First let's grab only the 4s and 9s, which will end up forming our binary classification problem.

In [0]:
mask_4_9 = (official_train_labels == 4) | (official_train_labels == 9)
images_4_9 = official_train_images[mask_4_9]
labels_4_9 = (official_train_labels[mask_4_9] == 9).astype(np.int)
print(images_4_9.shape, labels_4_9.shape)

Let's view a few examples:

In [0]:
example_images = np.concatenate(images_4_9[:10], axis=1)
example_labels = labels_4_9[:10]
print(example_labels)
plt.imshow(example_images)
plt.grid(False)

Here we'll split our training set into 10000 for training and the rest for validation.

In [0]:
train_images, val_images = np.split(images_4_9, [10000])
train_labels, val_labels = np.split(labels_4_9, [10000])

In [0]:
print(train_images.shape, train_labels.shape)
print(val_images.shape, val_labels.shape)

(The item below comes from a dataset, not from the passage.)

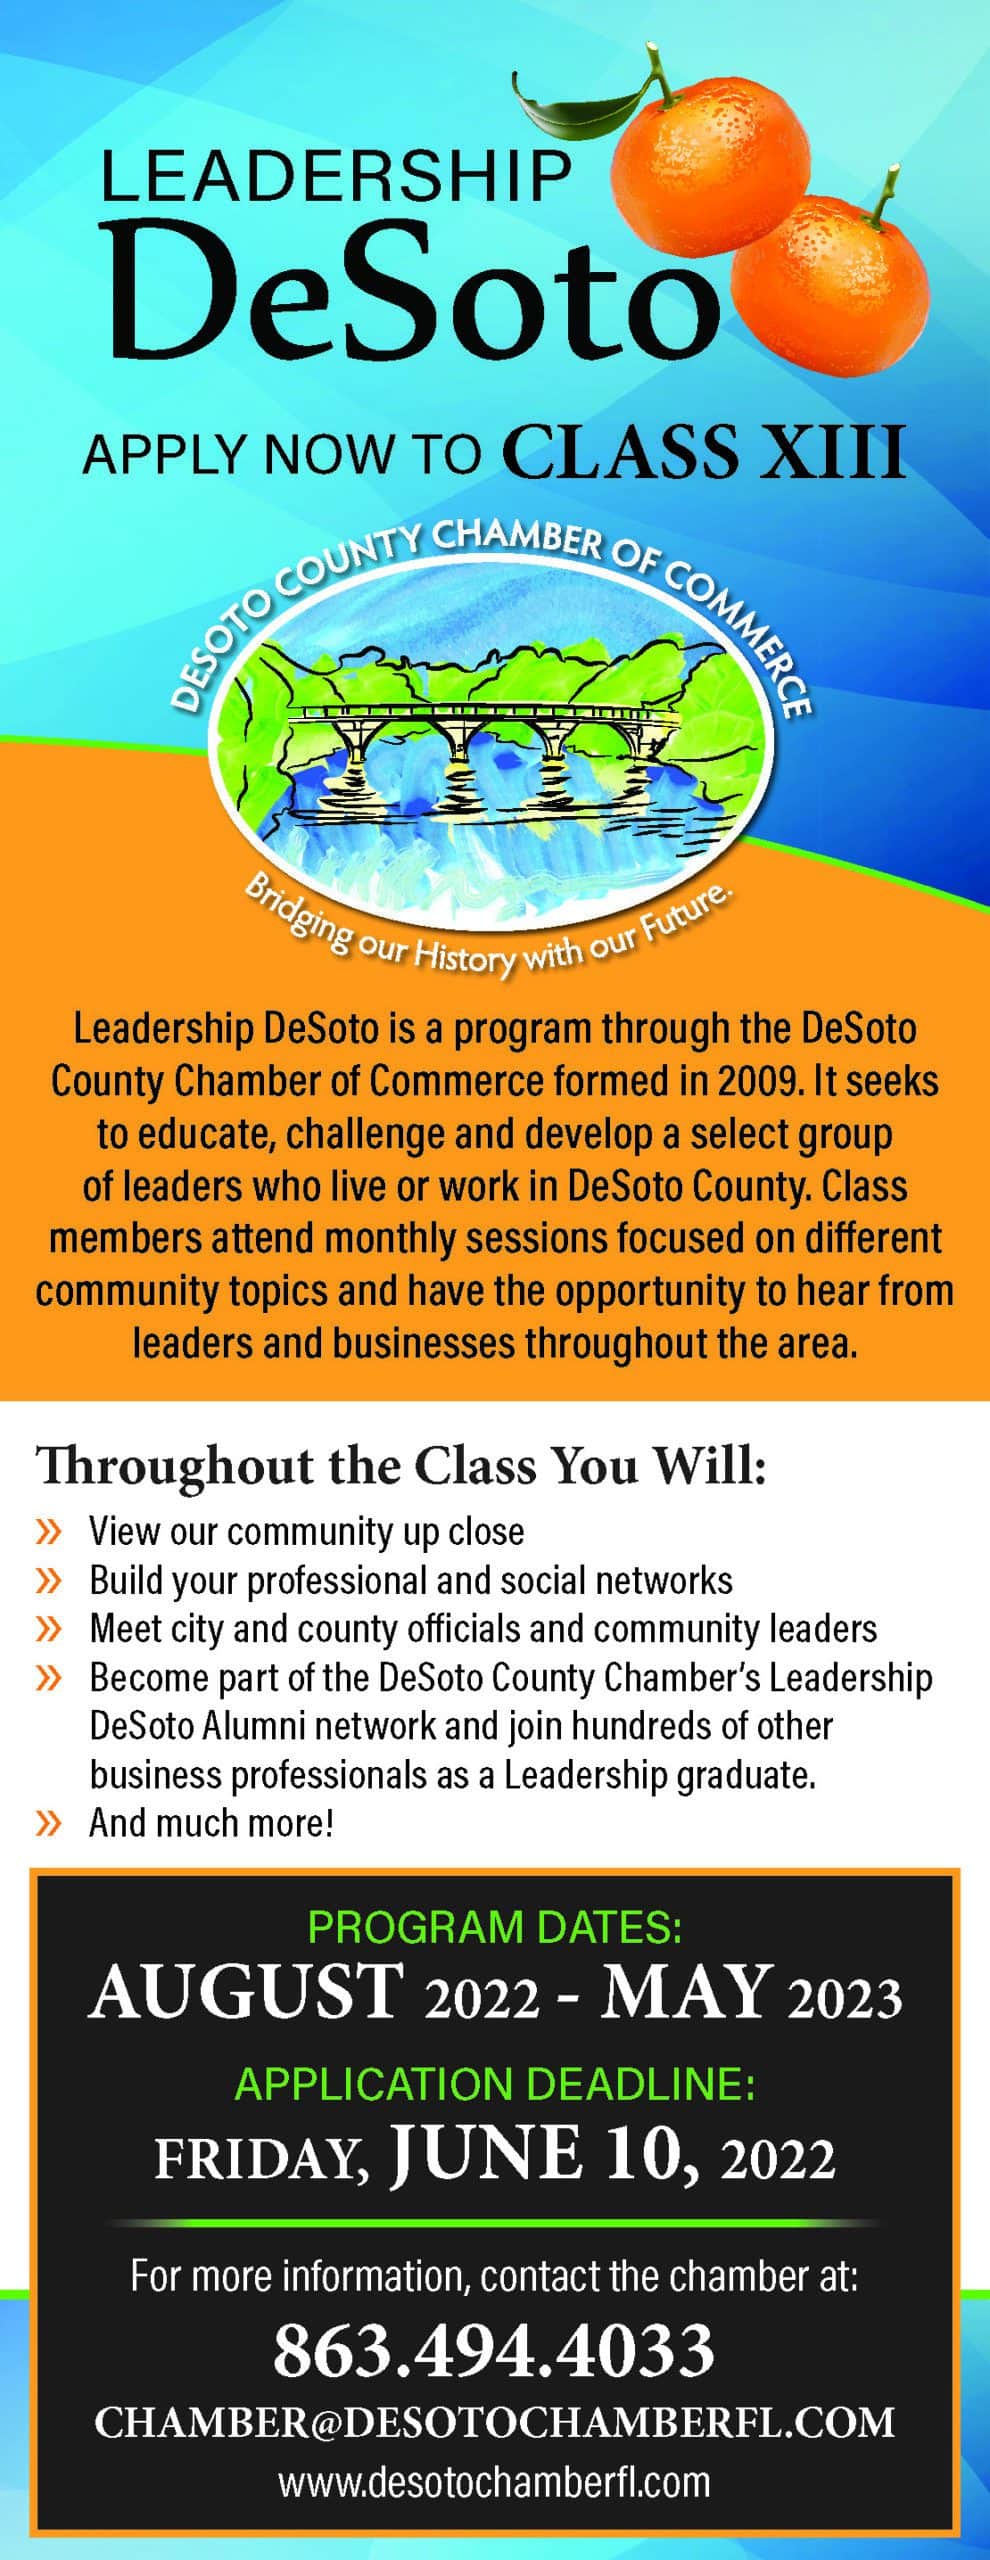 22-0419_Leadership DeSoto_ 2VP_PROOF[72]

And we'll normalize our data in one of the simplest ways possible: centering and scaling on an image-by-image basis.

In [0]:
def normalize_stats_image_by_image(images):
  mean = images.mean(axis=(1,2), keepdims=True)
  stdev = images.std(axis=(1,2), keepdims=True)
  return (images - mean) / stdev

In [0]:
train_images = normalize_stats_image_by_image(train_images)
val_images = normalize_stats_image_by_image(val_images)

In [0]:
print(train_images[:3].mean(axis=(1, 2)))
print(train_images[:3].std(axis=(1, 2)))
print(val_images[:3].mean(axis=(1, 2)))
print(val_images[:3].std(axis=(1, 2)))

Let's view some of the training and validation examples, all concatenated together so that they share the same color range (without any additional tweaking).

In [0]:
some_train_images = np.concatenate(train_images[:10], axis=1)
some_val_images = np.concatenate(val_images[:10], axis=1)
some_train_and_val_images = np.concatenate([some_train_images, some_val_images], axis=0)
plt.imshow(some_train_and_val_images)
plt.grid(False)

Let's also reshape all examples, under the assumption that *our models will always accept vectors rather than images.*

In [0]:
train_vectors = train_images.reshape(-1, HEIGHT * WIDTH)
val_vectors = val_images.reshape(-1, HEIGHT * WIDTH)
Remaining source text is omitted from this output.